Discussion in 'Nikon' started by jay_hector, Jul 11, 2007.

  1. I've thought the Vivitar Series 1 450mm f4.5 mirror lens might be fun to play
    with and so I watched an ebay auction last night that had this mint example
    going for just under 400 bucks with 1/2 hour to go. I figured they were worth
    about 200 bucks. I just looked at the auction (320134479139) to see what it
    sold for and I just about had a heart attack: $1042.00! With patience you could
    get a nice MF 300 2.8 with a TC14b for under that price. I happen to like the
    Nikkor 500mm F8.0 so I'm a mirror lens fan, but I've never heard this lens is
    anything special. What is going on? Another example of ebay fever at work?

    "This lens was another failure in the marketplace, and relatively few were sold due almost entirely to the high price (over $770 in 1986, or over $1,100 US today!). The reason for its excellent close-focus performance, and high price, was the unusual use of aspherical plastic elements in its design. But such elements cost ten times what a non-aspheric element costs to manufacture, and that adds quickly to the cost of these lenses."

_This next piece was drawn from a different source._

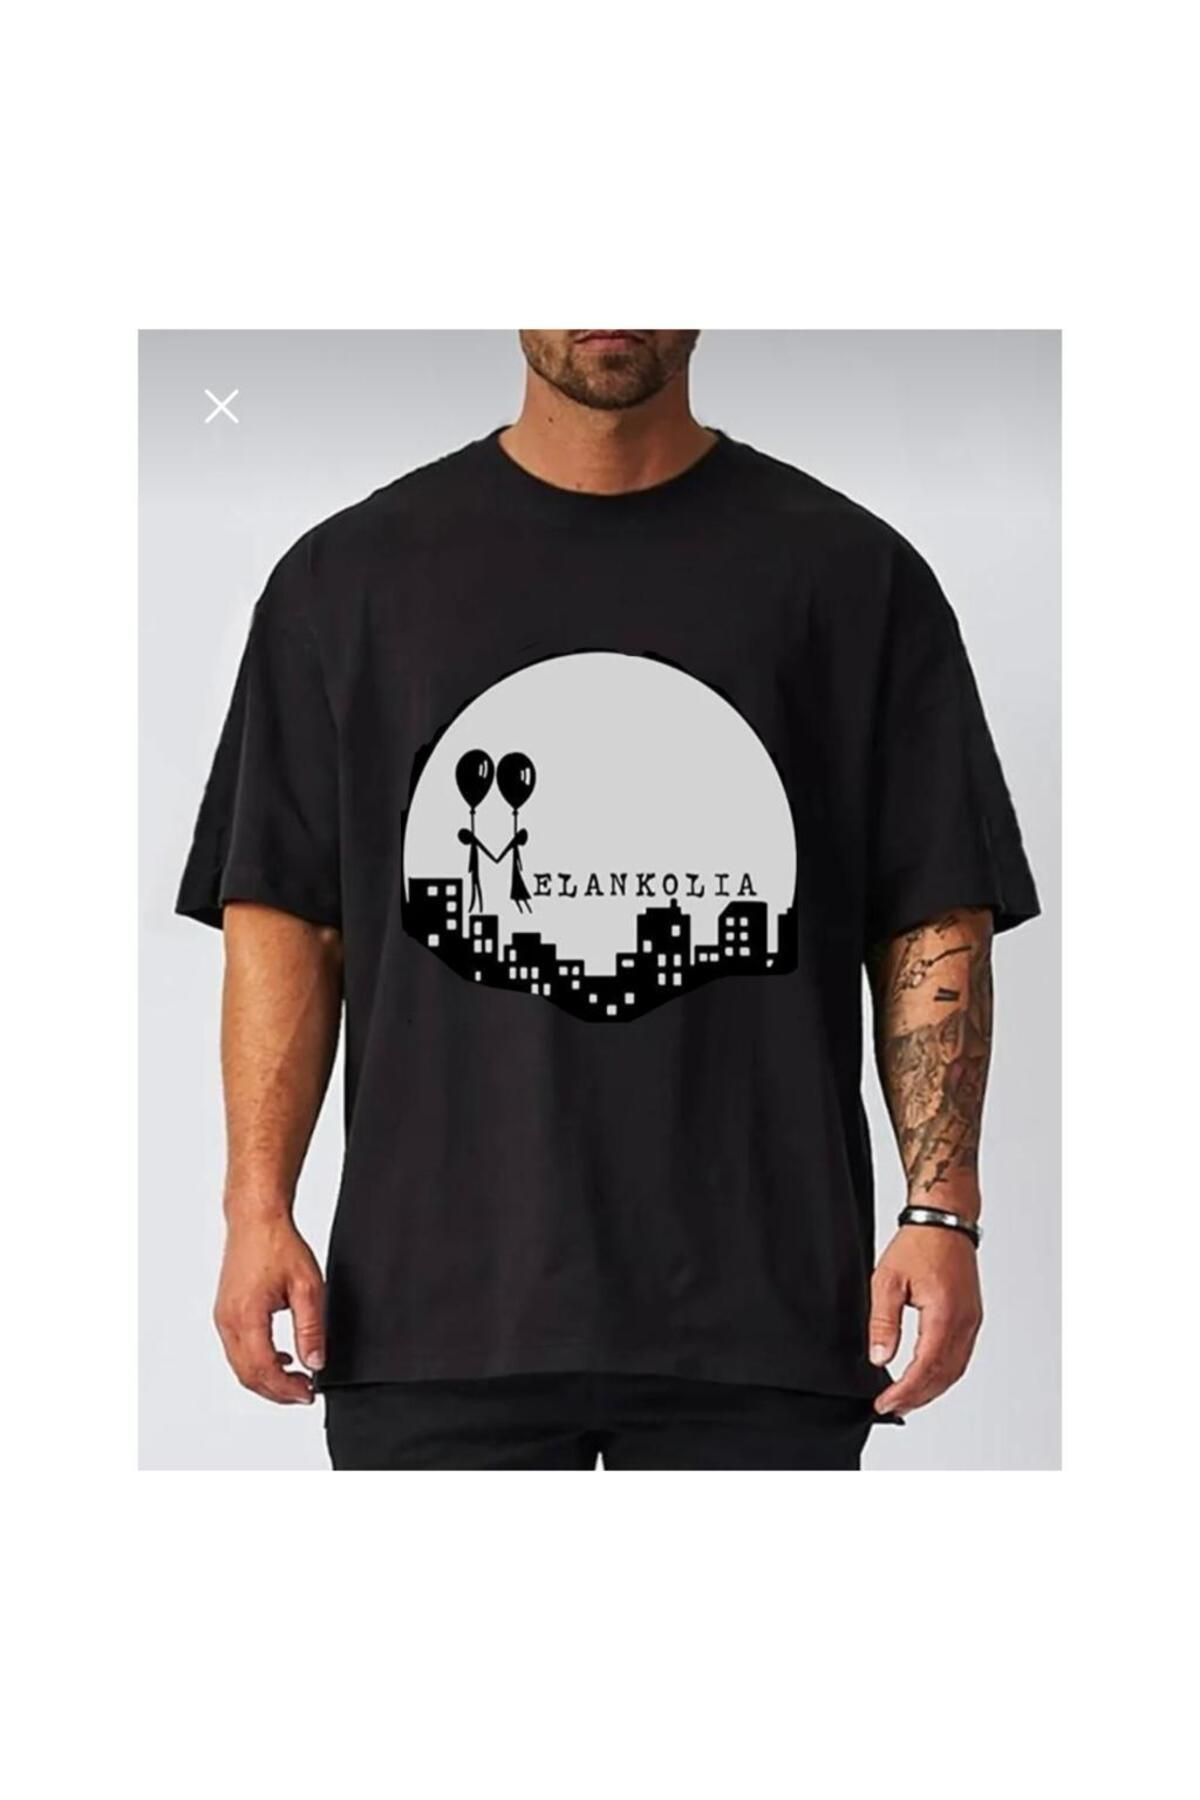 baskwear Sagopa Kajmer Melankolia Rap Rapstar Tişört Unisex T-shirt

    "In summary, the early Vivitar Series I lenses offered a unique series of fast prime lenses and unusual professional quality zooms. These lenses are still unique today, justifying their cult status."

    I'm guessing there are collectors out there that collect these lenses and since the lens was never used it probably got a little premium over a used sample.
  3. Jay, you might want to try the Tokina 500mm f/8.0 mirror lens in a Nikon mount. Right now there are two on ebay with bidding at under $70 each.

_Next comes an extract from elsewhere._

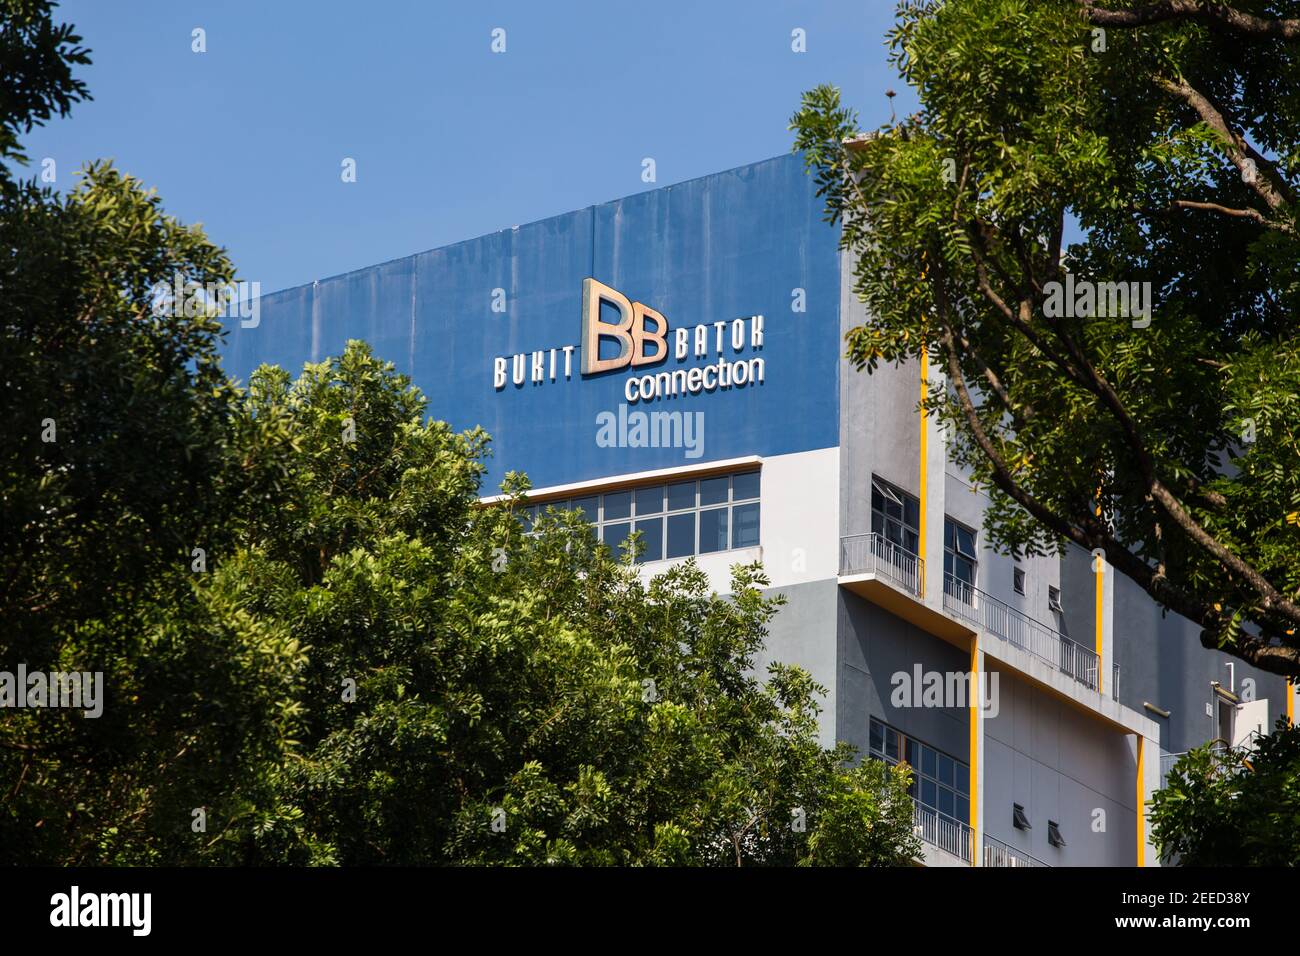 Gros plan sur le logo Bukit Batok Connection d'une usine industrielle légère, Singapour Banque D'Images

    I've used the Nikon 500mm mirror lens, which I found to be no sharper and have no better color rendition than the Tokina 500mm. Also, the Tokina is much smaller and lighter than the Nikkor- you can use it hand-held:
  4. I had one of these in very good to excellent condition for years. It was supposed to be a f/4.5 but a little factor called a "t-stop" actually made it more functionally an f/7 lens. Mirror lens designs, whether solid "cat" or not lose light while being bounced from mirror to mirror even though their physical f stop may be a given aperture. The Vivitar 450mm lost (to me) an unacceptable 1 and 1/3 stop of light making the extra bulk and weight not worth it. When I buy an f/4.5 I want an f/4.5. I sold it on ebay, for how much I don't recall, but I did get my money back. Just get a cheap refractor lens which pretty much gives you the f stop that it is labeled with. Mirror lenses are great backup lenses ( I owned several of them at different times) but as a primary lens, refractors are overall better. Mirror lenses are good for those who need the OCCASIONAL super telephoto and don't want to devote a ton of money, space and energy hauling it around, but a good refractor -whether zoom or prime is much more versatile.
  5. Yes, the issue is the relative scarcity of these lenses and their apparent popularity among a certain group of collectors. Over $1000 still sounds surprisingly high, however, as in recent months these have generally gone for $700-800 (bargain!)

    If you are interested in a mirror lens I guess I'll disagree (mildly) with Eric's suggestion. I own both Tokina and Tamron 500mm. mirror lenses and the Tamron is easily superior. Maybe it's just sample variation, but the fact is that Tokina really endeavored to make their lens extremely tiny compared to others, and I'm pretty sure that this was achieved at the cost of some performance quality.
  6. Thanks for the comments about the Vivitar. Like I said, I'm a fan of the Nikkor reflex and have used one for over 30 years. Regardless of some saying it's not the greatest lens, the Nikkor opened the door for me to professional sports photography and I have had many published shots with it, including this one , which was the first shot I sold to Road & Track.